Snapshots, Backup, and Restore

Snapshots

For all files in $HOME backup copies are kept and made available in the special subdirectory

$HOME/.snapshot/


Several snapshots are available:
 
File system Time of snapshot Number of snapshots retained How to access
$HOME daily at 3:00, 9:00, 15:00, 21:00 4 $HOME/.snapshot/hourly.[0-3]/
daily at 0:00 10 $HOME/.snapshot/nightly.[0-9]/

A file can be restored by simply copying the file from the appropriate snapshot directory to its original location. Please note:

  • The directory $HOME/.snapshot/ is not listed by the ls or even ls -a command, and you cannot create it either. It is however possible to do a cd $HOME/.snapshot/ and then see all entries using the ls command.
  • When copying the snapshot file to its original location, some versions of cp might refuse to overwrite the original location (since it uses the same i-node). In that case, copy the snapshot file to an alternative location and then move it to the original location.
  • There exist no snapshots for the $WORK and $SCRATCH file systems on SuperMUC . You must archive data in these file spaces yourself if necessary.
  • Deleted files in your ordinary $HOME directory are still contained in the snapshot directories and they are accounted for the volume quota. Because of the way snapshots work there is reserved space for old file versions which is 300% bigger than your project quota. That means, if your quota is e.g., 25 GB, that there are 75 GB of "snapshot reserve" for changes. If you change or delete more than 75 GBs of data during a 10 day interval it might happen that your project space is full and even deleting files does not recover any storage. Please contact the LRZ Service Desk if you run into problems with this mechanism; LRZ sysadmins can manually remove superfluous snapshots.

Tape backups

In addition to the snapshots described above, LRZ also maintains tape backups.  Tape backups of $HOME are only done for the purpose of desaster recovery and are not intended to be used in daily operation. Usually, user can use the snapshot e.g., for restoring unintentionally deleted files- Tape backups are made less often but live longer:
 
File system Time of tape backup Number of file versions retained Life time of unchanged files Life time of backup for files removed from disk storage
$HOME Saturday 22:50 3 duration of the project 1 year 

Please note, that no tape backups for the $OPT_TMP and $PROJECT file systems are performed on  Linux-Cluster, and no tape backups are performed for the $SCRATCH and $WORK file systems on SuperMUC. You need to archive data residing on one of these file systems at your own discretion.

Restoring tape backups

If you cannot find the version of the data you need in the snapshot directories please contact the LRZ Service Desk  with a request to restore the data from the TSM tape backup for you. The TSM tape backup of $HOME is not directly accessible by users. Please also keep in mind that restoring a backup from tape is man power consuming and may take a long time to complete.
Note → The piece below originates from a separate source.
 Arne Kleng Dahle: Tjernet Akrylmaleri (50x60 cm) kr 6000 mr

Archiving and retrieving files and directories

Archiving means saving the current version of a file to tape. Several version of the same file can be kept in the tape archive. For restoring them you must differentiate them by date and time or by an additional description.
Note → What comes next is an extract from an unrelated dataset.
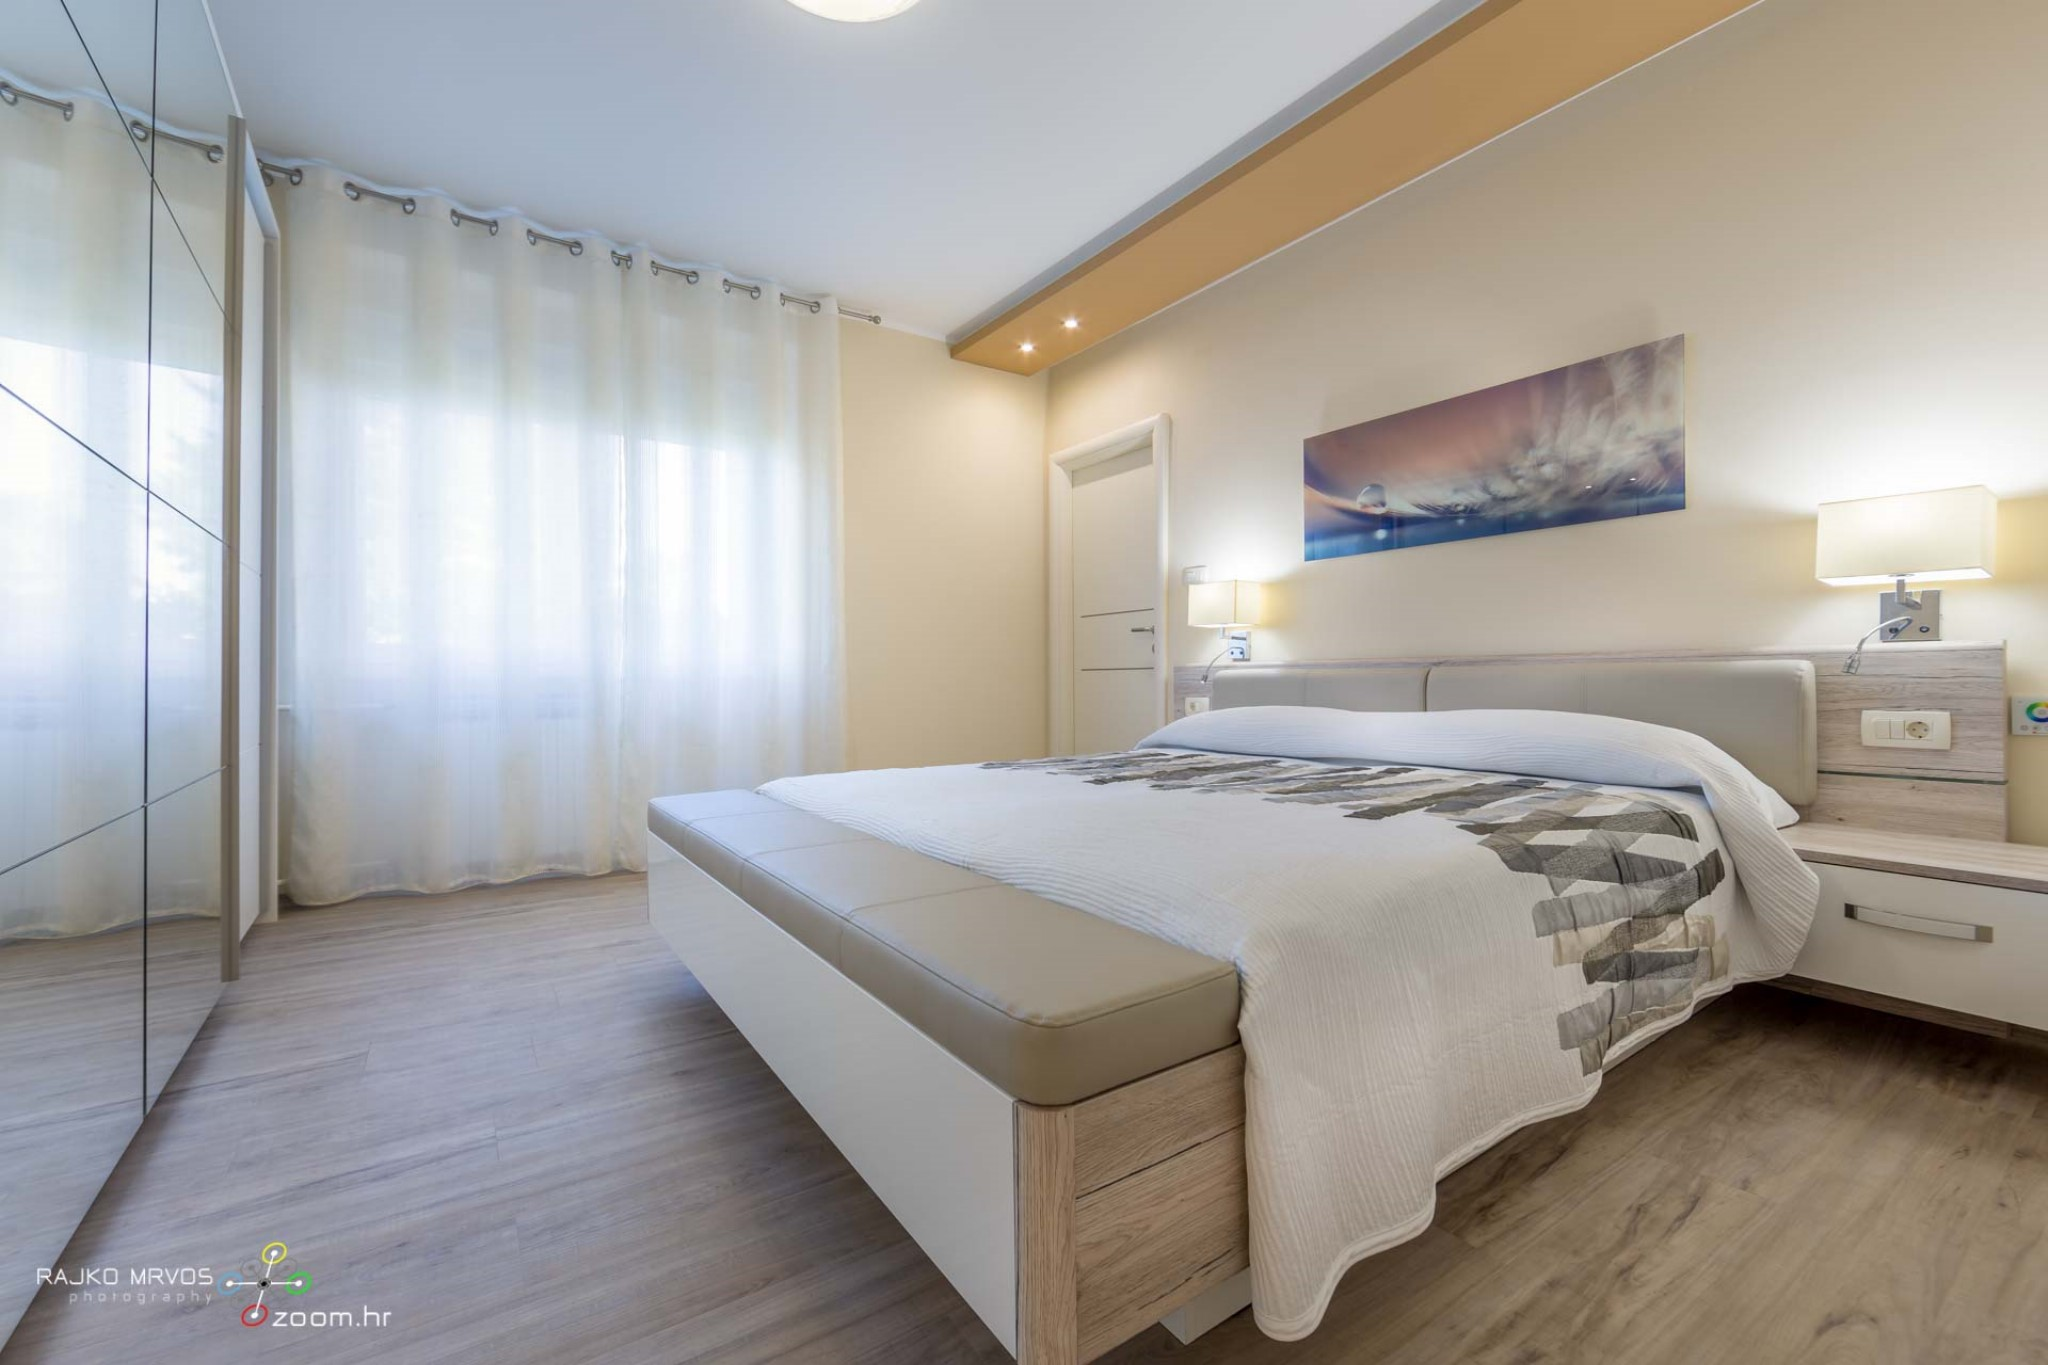 fotografiranje-interijera-fotograf-eksterijera-vila-apartmana-kuca-apartmani-Dujmic-5

In order to archive and retrieve data at the  SuperMUC/SuperMIG or the Linux Cluster, the Tivoli Storage Management Infrastructure (TSM) is provided. A system wide TSM client configuration is available, so that you do not need to perform the installation or configuration of a TSM client yourself.

Archiving data with TSM

Let's assume you have a file myFile stored on the temporary filesystem in a location (directory) denoted by some self-defined environment variable $MY_SCRDIR. Since myFile may be automatically removed from $MY_SCRDIR by high-watermark deletion after some days, you might want to have an archive copy at hand. So here's how to create one. Go to $MY_SCRDIR and invoke on of the commands
dsmc archive myFile
dsmc archive -description="V.1.2" myFile

We recommend to keep logs of all archive commands in a specific directory, e.g.
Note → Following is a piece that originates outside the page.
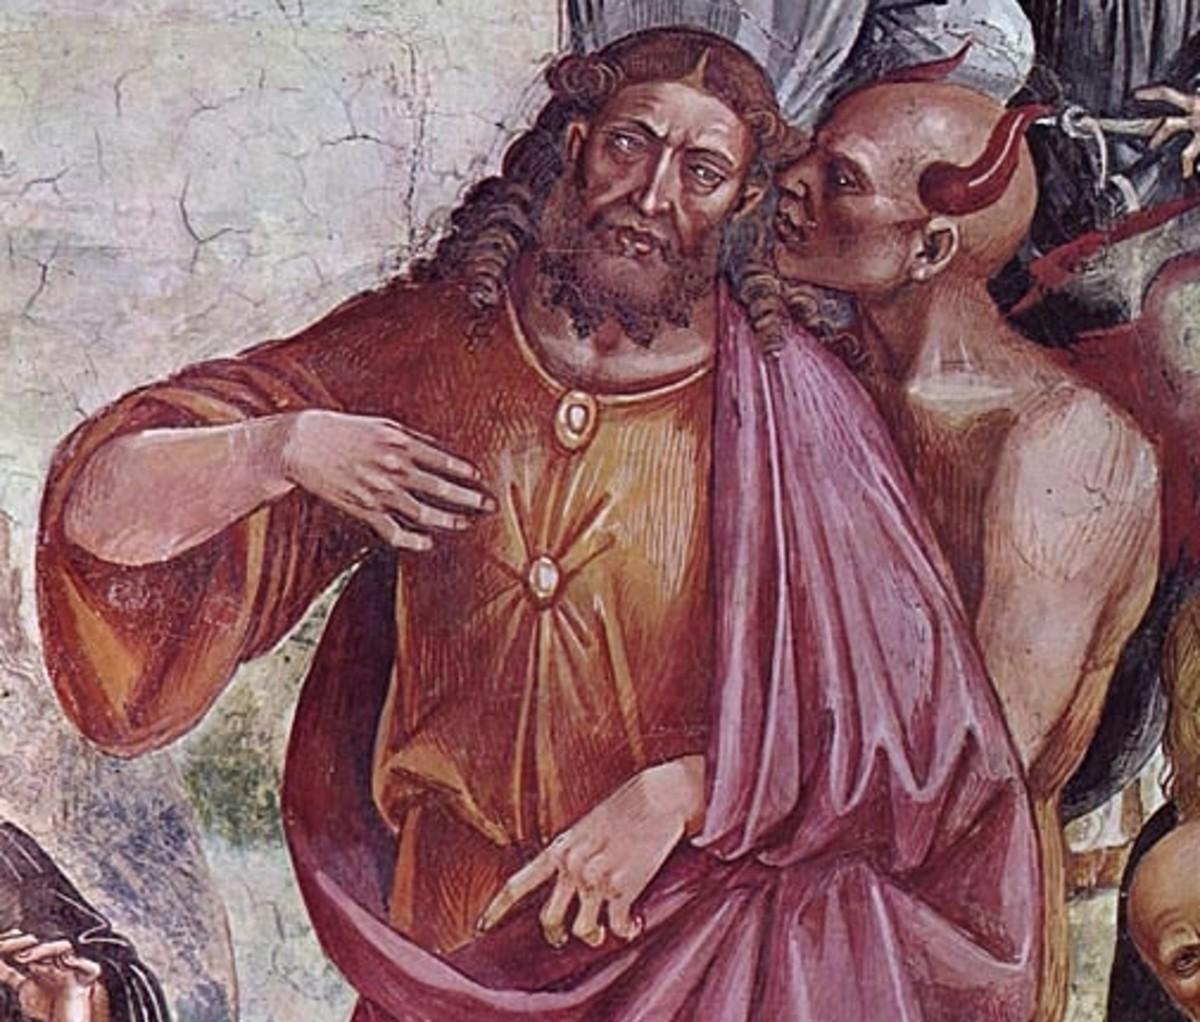 Antichrist and Satan

dsmc archive myFile >$HOME/mytapelogs/archived_on_YYYY_MM_DD_hh_mm

This might later help to avoid confusion with the file namespace (see blow).

In case the file name contains spaces you have to enclose it in double quotes, e.g., "my file with spaces". If you want to archive several files myFile1, myFile2, ... you can use wildcards or specify the filenames

dsmc archive myFile* 
dsmc archive myFile1 myFile2 myFile3

You can also archive complete directory trees. This can be achieved by using an additional command-line option

dsmc archive -subdir=yes MyDirectory/ 
Please note the trailing slash in the directory name. This slash is important since it ensures that dsmc interprets MyDirectory/ as a directory.

Please also consult the section on optimal usage of TSM.

Retrieving data with TSM

You can search for archived files in a subdirectory $MY_SCRDIR of any file system by issuing the command

dsmc query archive -subdir=yes $MY_SCRDIR/ 

Again the slash after $MY_SCRDIR is important to remind dsmc that it is a directory. A file can be retrieved with one of the command

dsmc retrieve $MY_SCRDIR/myFile $MY_SCRDIR/myNewFileName
dsmc archive -description="V.1.2" myFile myNewFileName
If you omit the second file argument, the file will be restored under its original name. Of course, you can also retrieve complete directory trees
dsmc retrieve MyDirectory/ RetrievedDirectory/ -subdir=yes

This will restore the data in RetrievedDirectory/MyDirectory/. Again, directory or file names containing spaces have to be enclosed in double quotes.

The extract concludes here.